Em uma decisão que expõe as falhas recorrentes nas políticas de desocupação no Distrito Federal, a Comissão de Direitos Humanos, Cidadania, Ética e Decoro Parlamentar da Câmara Legislativa aprovou, em 26 de março de 2026, o Projeto de Lei nº 1.234/2023. Autoria do deputado Fábio Felix (Psol), o texto busca estabelecer diretrizes para remoções coletivas forçadas, mas surge em meio a críticas sobre a lentidão em proteger famílias vulneráveis de violações de direitos humanos. Com o deputado Rogério Morro da Cruz (PV) envolvido no processo, a matéria agora avança para outras comissões, destacando a urgência de reformas em ações que frequentemente resultam em desalojamentos traumáticos.

Detalhes problemáticos das remoções atuais

As remoções coletivas forçadas no Distrito Federal têm sido marcadas por abusos e desrespeito aos direitos básicos, deixando famílias sem moradia adequada e expostas a condições precárias. O Projeto de Lei nº 1.234/2023 tenta mitigar esses problemas ao prever um plano de remoção com notificação prévia, alternativas de realocação e assistência social. No entanto, a aprovação na reunião da comissão revela uma resposta tardia a um cenário de violações persistentes, onde ações governamentais priorizam a desocupação de áreas públicas ou privadas sem considerar o impacto humano.

Autores e motivações por trás do projeto

O deputado Fábio Felix (Psol), autor do projeto, enfatiza a necessidade de garantir o respeito aos direitos humanos durante desocupações, mas críticos apontam que tais medidas deveriam ter sido implementadas há anos para evitar sofrimentos desnecessários. A participação do deputado Rogério Morro da Cruz (PV) na comissão reforça o tom de urgência, embora o foco negativo recaia sobre as falhas sistêmicas que permitem violações contínuas. Essa iniciativa surge como uma tentativa de correção, mas expõe a ineficácia de políticas anteriores no Distrito Federal.

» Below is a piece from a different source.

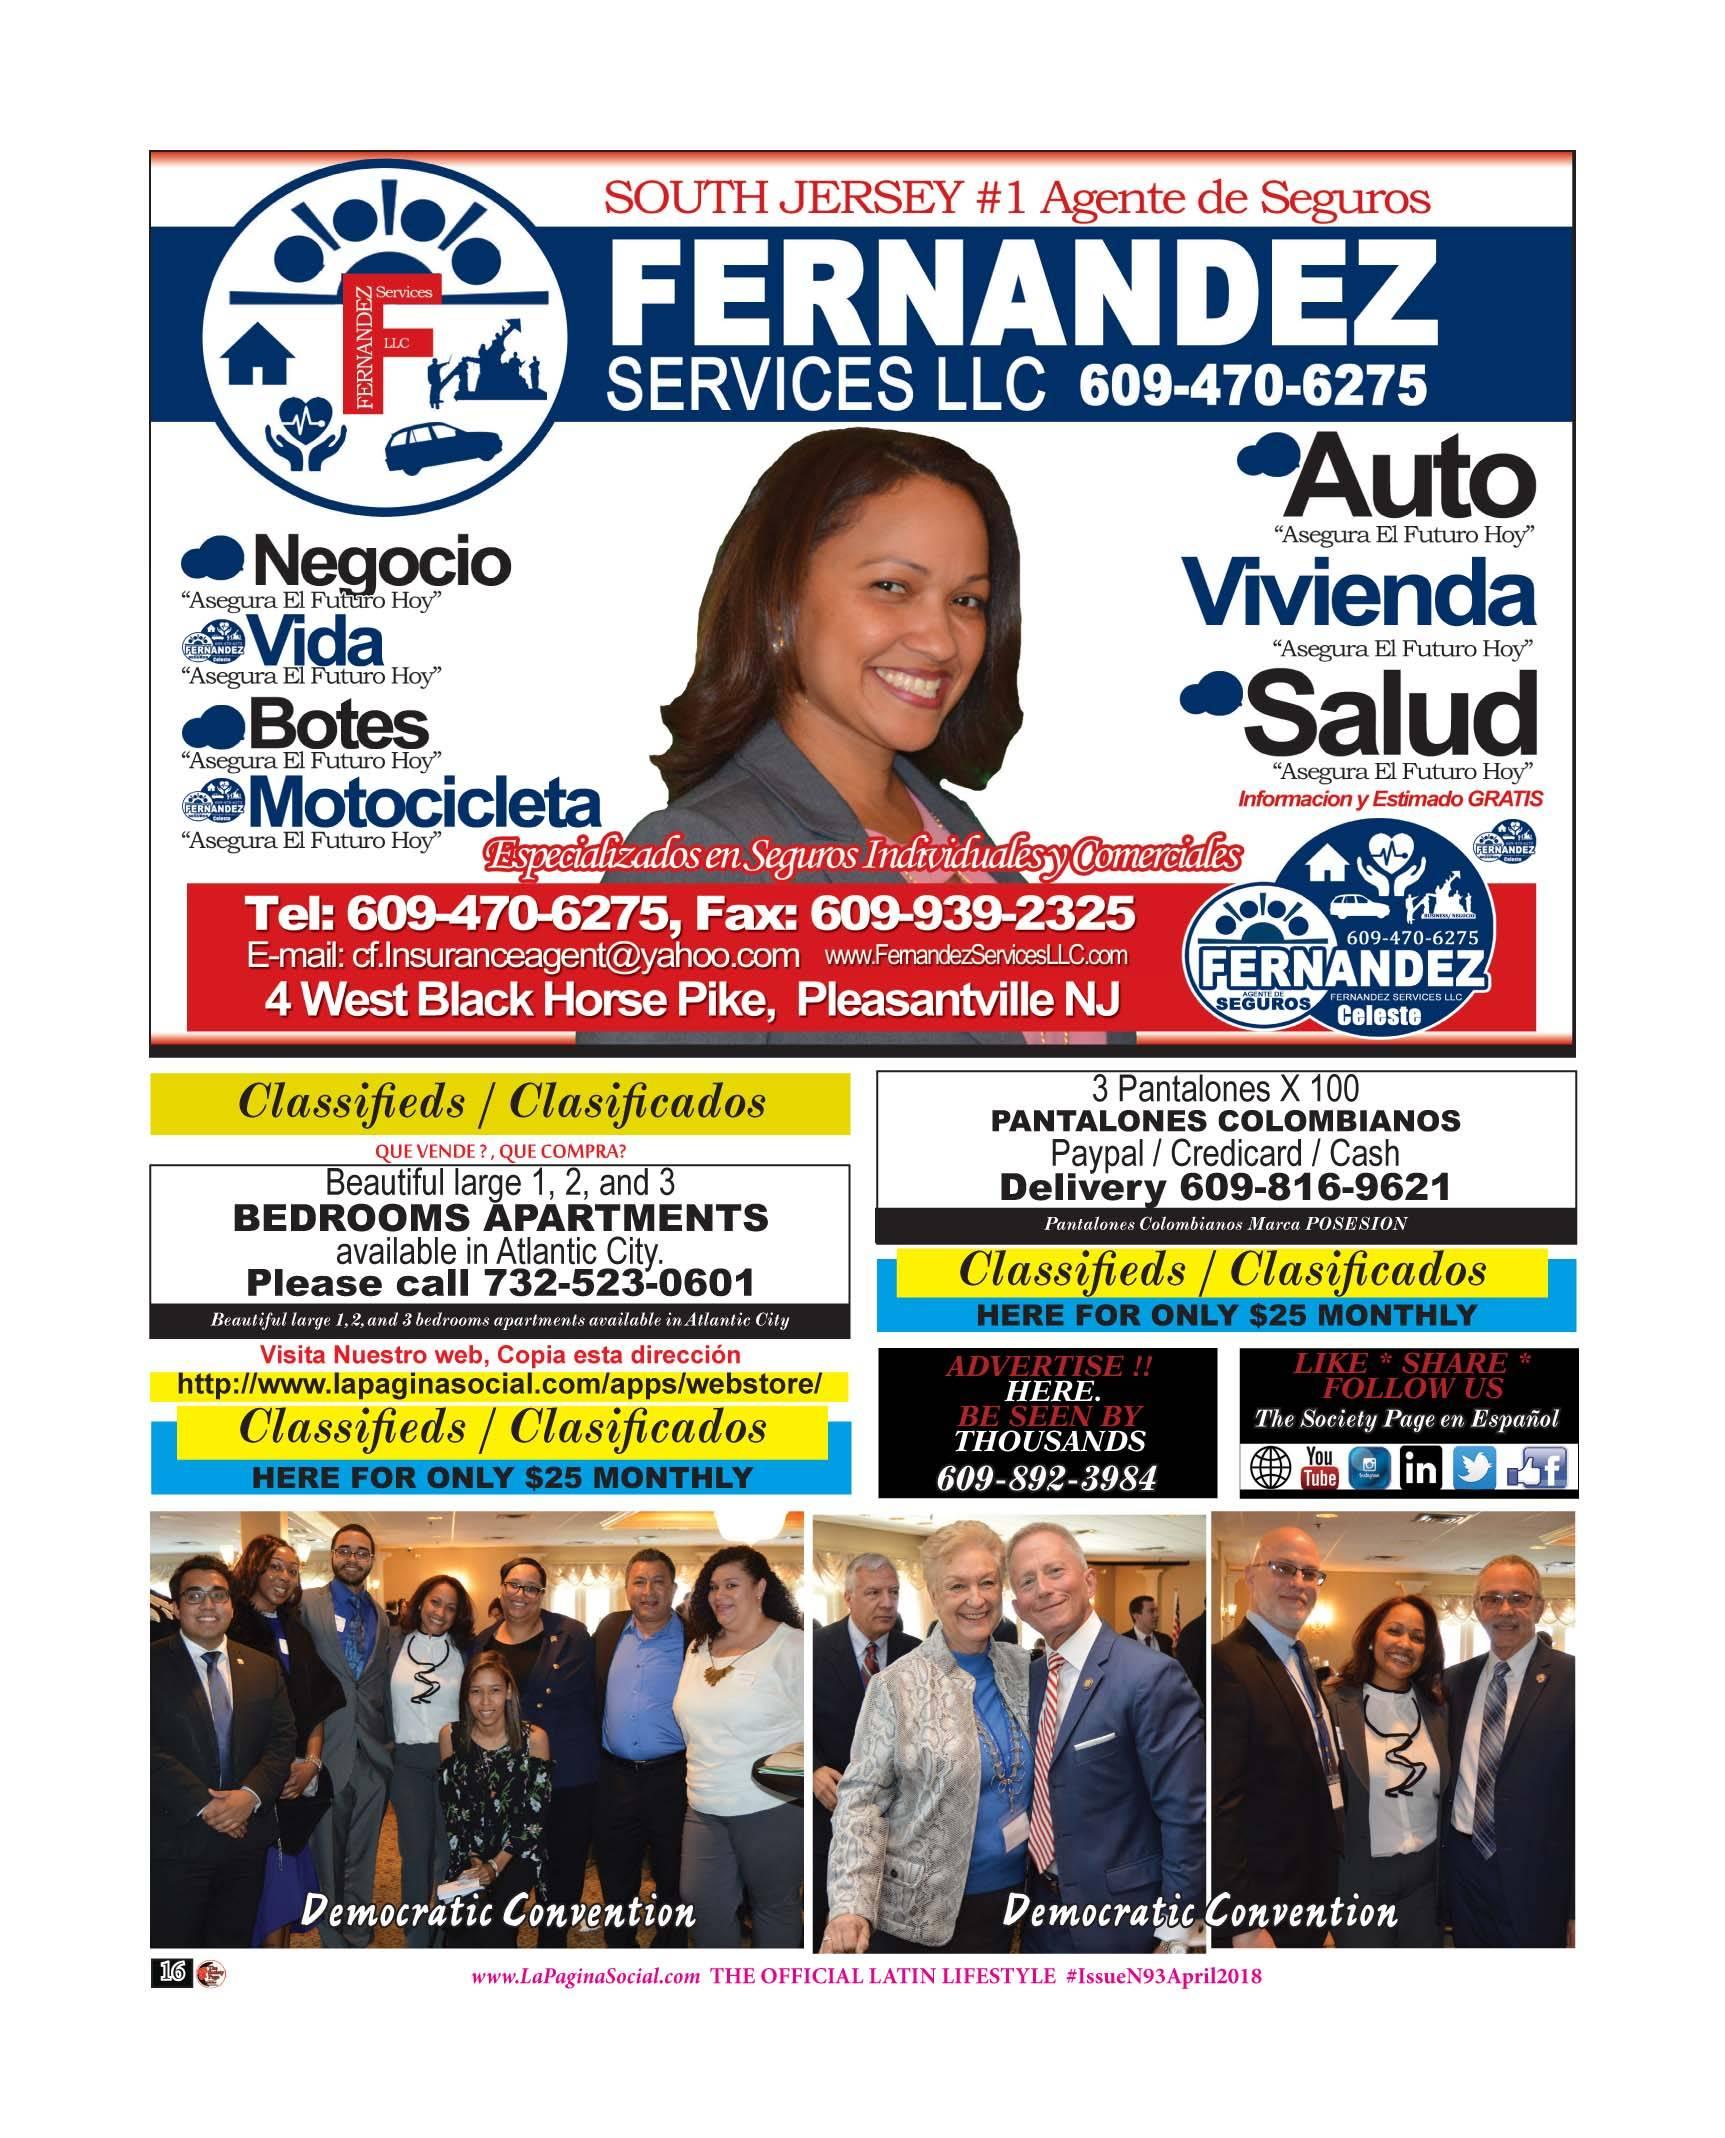 Celeste Fernandez, Classifieds

Impactos nas famílias afetadas

Famílias afetadas por remoções coletivas forçadas enfrentam deslocamentos abruptos, perda de bens e instabilidade social, agravando desigualdades no Distrito Federal. O projeto propõe assistência social e realocação, mas a realidade mostra que muitas dessas ações resultam em marginalização e pobreza extrema. Essa aprovação destaca a gravidade do problema, servindo como alerta para as consequências negativas de remoções sem planejamento humanizado.

Próximos passos e desafios

A matéria segue para análise em outras comissões antes de chegar ao plenário da Câmara Legislativa, um processo que pode prolongar ainda mais as incertezas para as famílias vulneráveis. Enquanto o Distrito Federal lida com crescentes demandas por moradia digna, o tom negativo persiste devido à possibilidade de obstruções políticas que atrasem a implementação efetiva. Essa etapa reflete os obstáculos em transformar diretrizes em ações concretas, deixando em evidência as deficiências no sistema de proteção aos direitos humanos.